Crippling in the installation debt and rising inflation, Pakistani Prime Minister Imran Khan on Wednesday claimed that the country’s economic conditions were still ‘better than India’. Overcoming the Prime Session of the 2022 International Summit in Islamabad, PM Imran Khan confirmed that inflation was not a problem that only Pakistan dealing with and added that the gas rate was still cheaper than countries such as the US, UK and India.
“Inflation is not a problem only Pakistan, the whole world suffers from him. Joe Biden is being attacked by Donald Trump with price increases, Boris Johnson is being attacked in parliament. His own parliamentary members say gas fares. Can Pakistan do it in this case? Pakistan is still cheaper than Most countries. Look at our gasoline and diesel prices and compare with India and Bangladesh, we are the cheapest country, “he said at a meeting of business leaders.

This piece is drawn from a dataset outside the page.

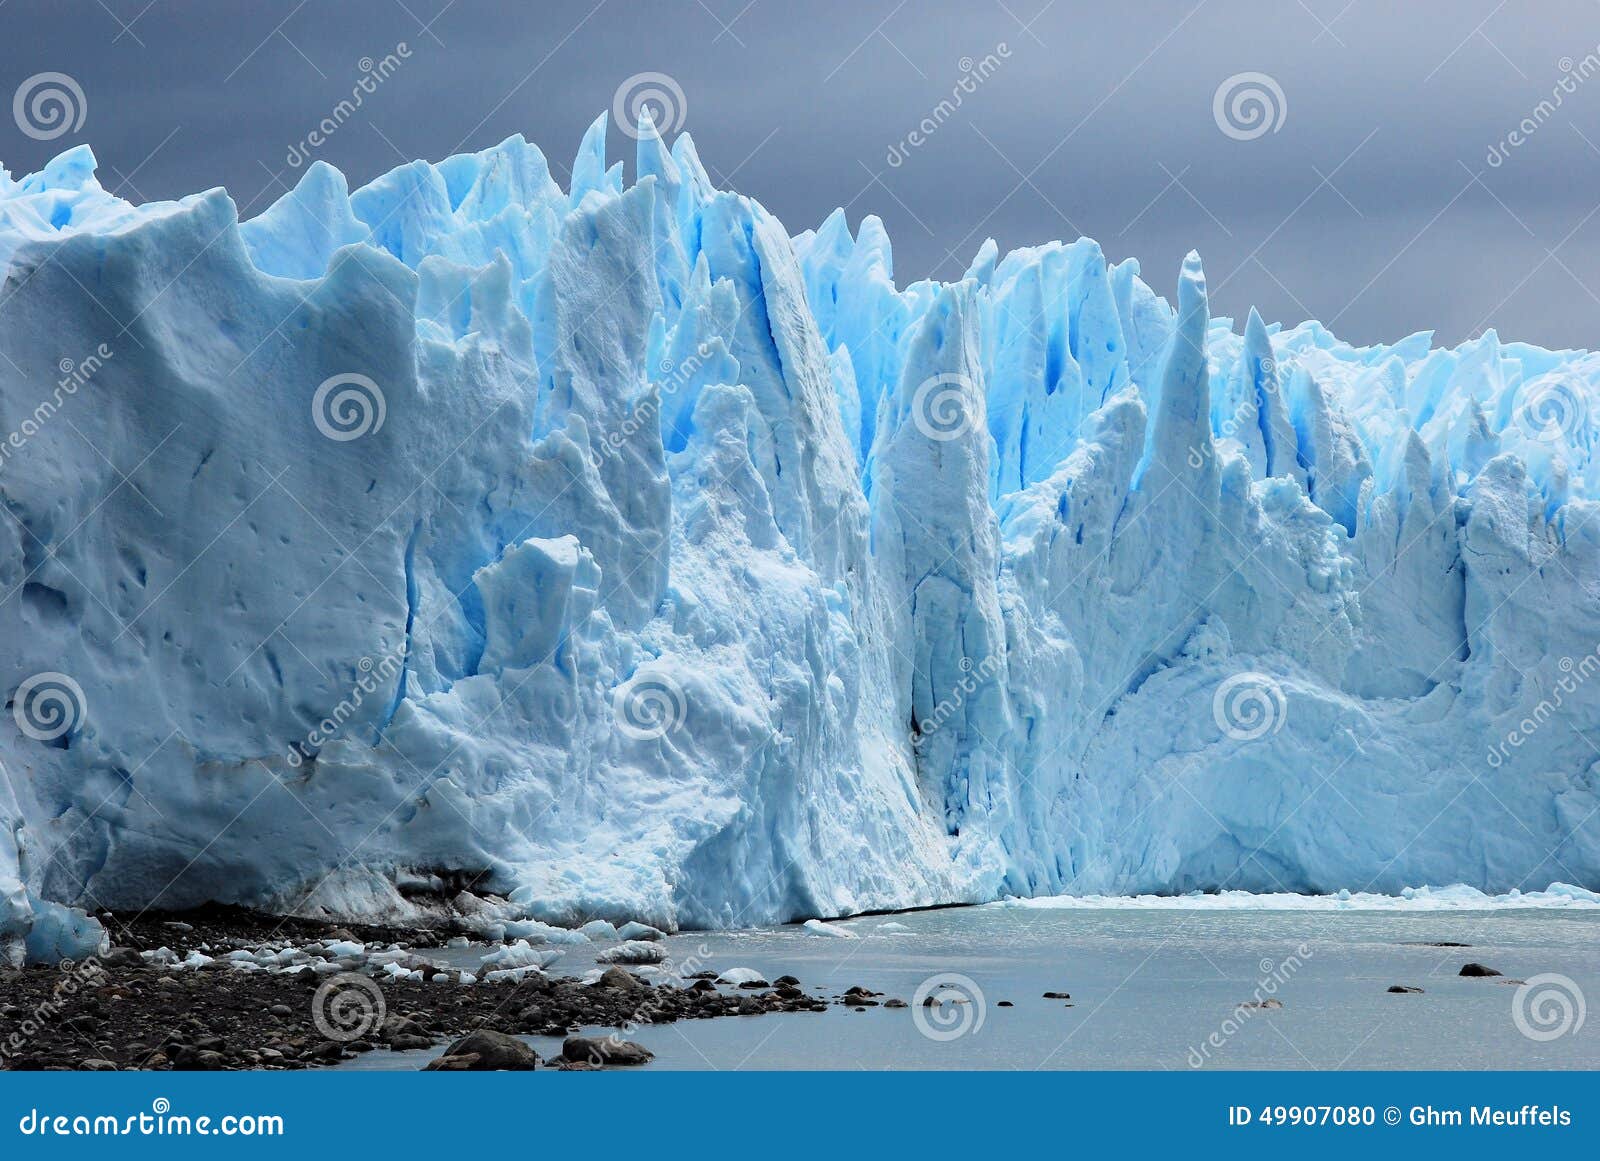 glacial ice perito moreno glacier from argentino lake - argentina

Forced to make a difficult decision because of the IMF pressure: Pakistan Finance min
Imran Khan’s statement came when Pakistan looked at bankruptcy with his own federal finance minister Shaukat Tarin who admitted that the country was forced to take some ‘difficult decisions’ due to the pressure of the International Monetary Fund (IMF). The country driven by debt wants to revive important funds at USD 6 billion (EFF), which has forced the government led by Imran Khan to implement a new raft from the saving steps on the population.
Apart from its efforts, Pakistan’s consideration for the settlement of the sixth review and release of Tranche USD 1 billion was suspended by the IMF on January 10 after receiving a request from the Pakistani government, the IMF Executive Board decided to postpone the meeting.
A harder day ahead for Pakistan
Lately, Pakistan has witnessed the devaluation of the currency, high inflation, a surge in the level of gasoline, and the transaction deficit runs by aggravating economic problems. Defending the price surge, Shaukat Tarin said that the increase was the result of the IMF advice to increase petroleum development (PDL) levies. Pakistani opposition has accused the government to hand over the Pakistani state bank to the Bank of the IMF.
Apart from the international organization, Pakistan has also regularly borrowed from the United Arab Emirates (UAE) which set a tight clause for Imran Khan-LED countries in exchange for a loan package of $ 4.2 billion. The last time was borrowed from the Arabs, forced to pay back loans by taking a loan with the same number of China.
In turn, Pakistan must pay more than Rs 26 billion in interest costs to China to pay debts that are due in the fiscal year 2020-21. Reportedly, the country’s lack of money also faced a “hidden debt” score with a total of $ 385 billion due to the China Belt and Road Initiative (BRI) project.